How to know the inputs of which neurons should be connected to the outputs of other neurons? How many neurons should be associated with each specific neuron in the network for the network to perform its function? There are no answers to these questions yet, and connecting the neurons to each other using a brute force method guarantees an almost infinite time for training such a network, given that the number of real brain neurons is in the billions. ')

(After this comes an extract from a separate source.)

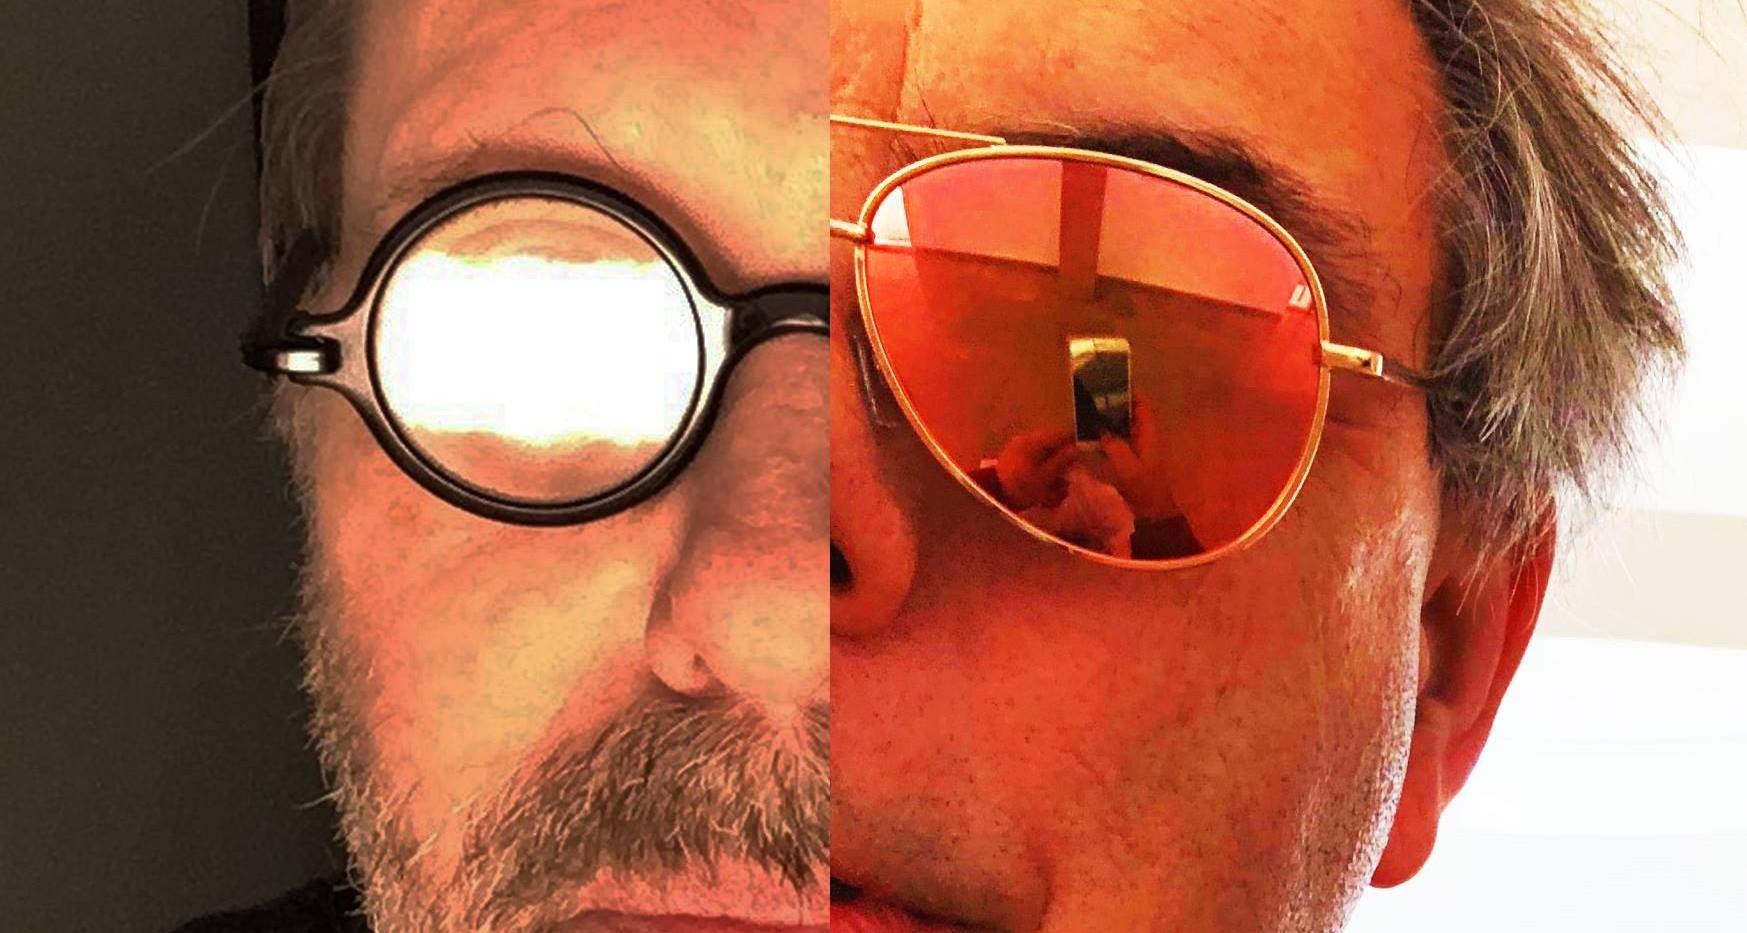 2 face.jpg

In perceptron-type artificial neural networks, all the neurons of adjacent layers are connected to each other. A "strength" of communication is determined by the value of the coefficients. The “all-with-all” connection is the solution of the problem of neuron connections using the “brute force” method. In this case, the neural network can contain only a relatively small number of neurons on the intermediate layers for an acceptable learning time, for example, for several weeks [2]. Before a neural network begins to produce a result, for example, to classify images, it must go through a training phase, that is, a setup phase. At the learning stage, the interaction configuration and the overall function of the neurons of the network are determined. In fact, to train a neural network means to choose a transformation function so that at the given inputs it gives the correct outputs with a given level of error. Then, after training, we give arbitrary data to the network input, and we hope that the neural network function is chosen quite accurately and the network will correctly, from our point of view, classify any other input data. In popular networks of perceptron type, the network structure is initially fixed, see, for example, [2], and the function is found by selecting the neuron connections of the intermediate layers. Before proceeding to the description of the matrix, we note that the simultaneous connection of all neurons of neighboring layers can be decomposed into consecutive connections of pairs of neurons using the fact that the function of a neuron is a linear combination of the outputs of neurons of the previous layer and coupling coefficients. That is, at least for perceptron-type networks, each neuron can be thought of as receiving data from only two other neurons.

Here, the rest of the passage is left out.